Over the years, other reports have backed up the Time allegations. “Aretha is the kind of girl, you’ve got to love her hard,” pianist Teddy Harris said. “She requires a lot of attention and she didn’t get that from Ted. Ted was into something else. He was kind of abusive.”

As for Franklin herself, all she ever said — even in her very own autobiography — was “I didn’t realize I was in way over my head,” calling White a “take-charge kind of guy.”

That “taking charge” seemed to overshadow both her personal and professional lives, exploding in a violent incident between White and producer Rick Hall that, according to Hall, turned into a “full-blown fist fight.”

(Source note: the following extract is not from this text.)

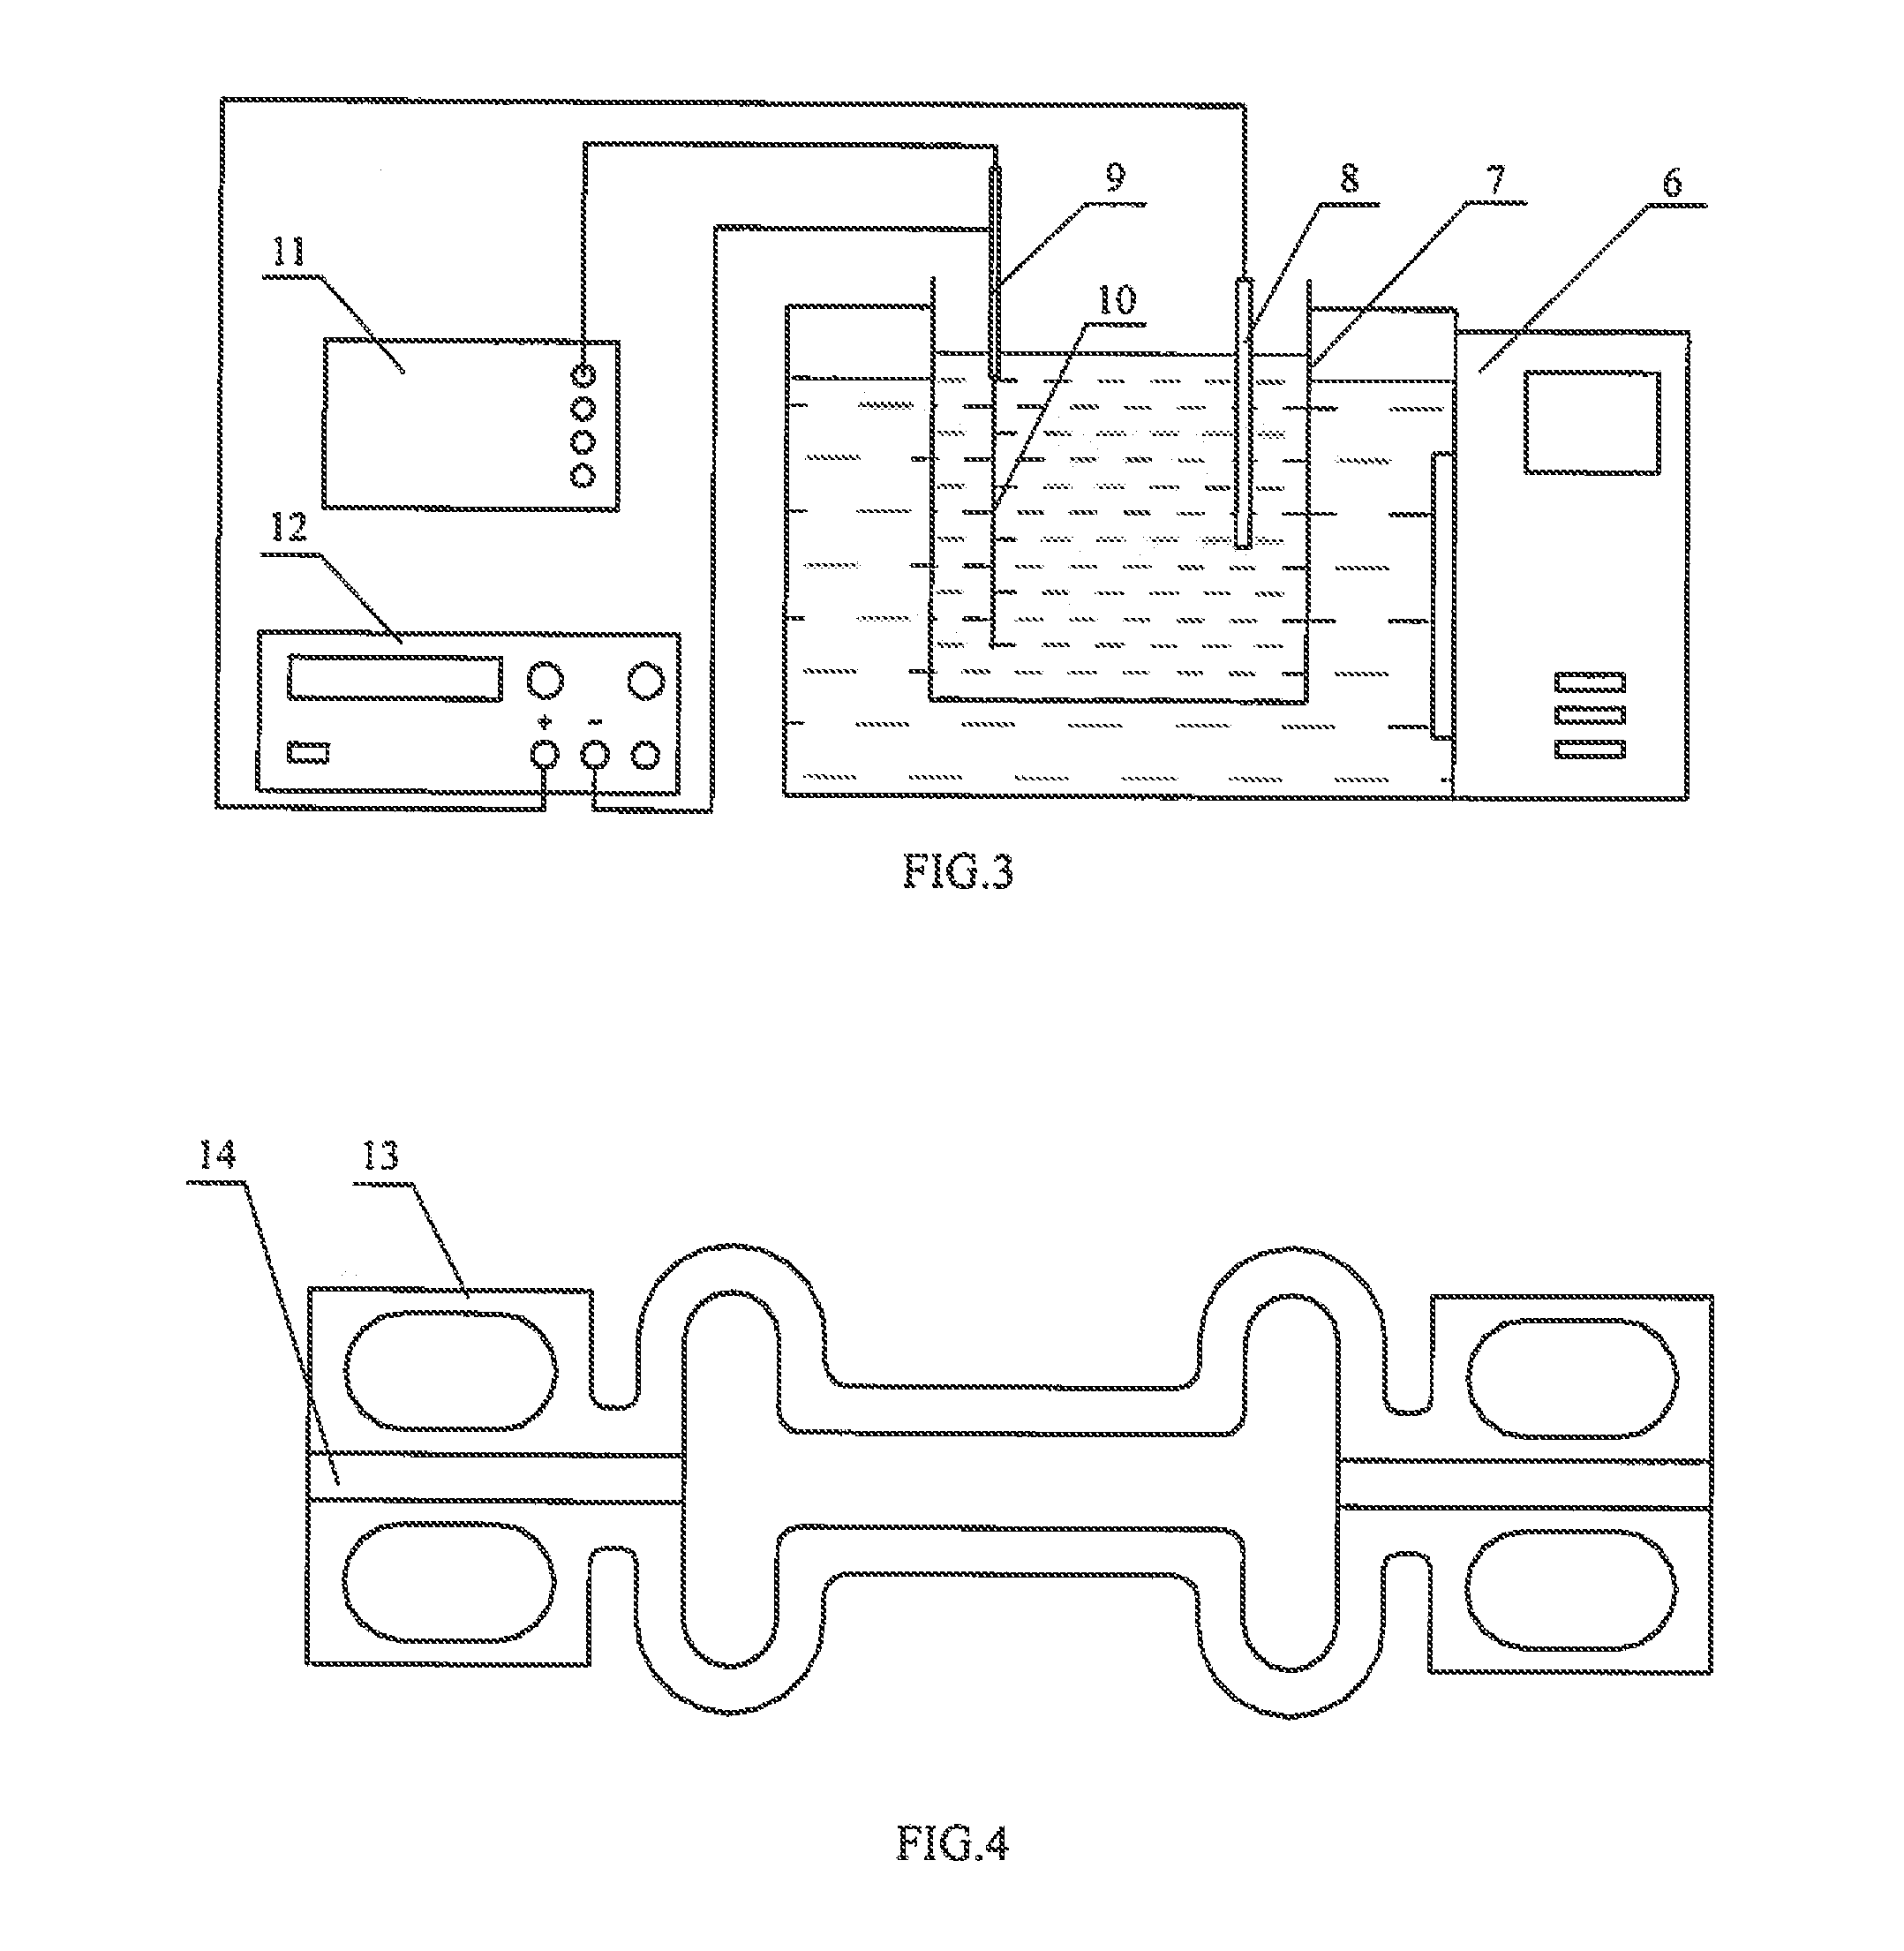 High-temperature-resistant metal-packaged fiber bragg grating sensor and manufacturing method therefor

They divorced after seven years and Aretha remained silent about their relationship

Franklin didn’t handle things perfectly either. “She was drinking so much, we thought she was on the verge of a breakdown,” her sister Carolyn said in Ritz’s biography.

There were also headlining-grabbing incidents during the period, including when Franklin received a reckless driving charge in Detroit for running two cars off a road in 1968, as well as when she was charged with disorderly conduct for allegedly trying to hit two police officers after a traffic infringement in Michigan. Musician Rod Hicks shed a different light, saying, “I’ll tell you something about Ted White... He didn’t have no pussycat. He had a tiger on his hands when that girl got drunk.”

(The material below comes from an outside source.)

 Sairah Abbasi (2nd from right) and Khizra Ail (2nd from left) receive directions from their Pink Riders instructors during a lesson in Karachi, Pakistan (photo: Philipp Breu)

White, for his part, didn’t exactly have a clean record, most notably with police looking for him after he allegedly shot an associate in the groin at Franklin’s home. Whatever happened behind those closed doors, it wasn’t long after that alleged incident that Franklin and White divorced. They had one child, son Teddy Richards.

Perhaps through all the talk, it is Franklin’s silence that speaks the loudest. “Aretha has gone through a lot of trouble in her life,” Wexler said in Vanity Fair. “A lot of trouble. And she doesn’t want any reference to it.”

But now and then, she would drop hints that being the Queen of Soul was not easy on her own soul. “Trying to grow up is hurting, you know,” she said. “You make mistakes. You try to learn from them, and when you don’t it hurts even more. And I’ve been hurt—hurt bad.”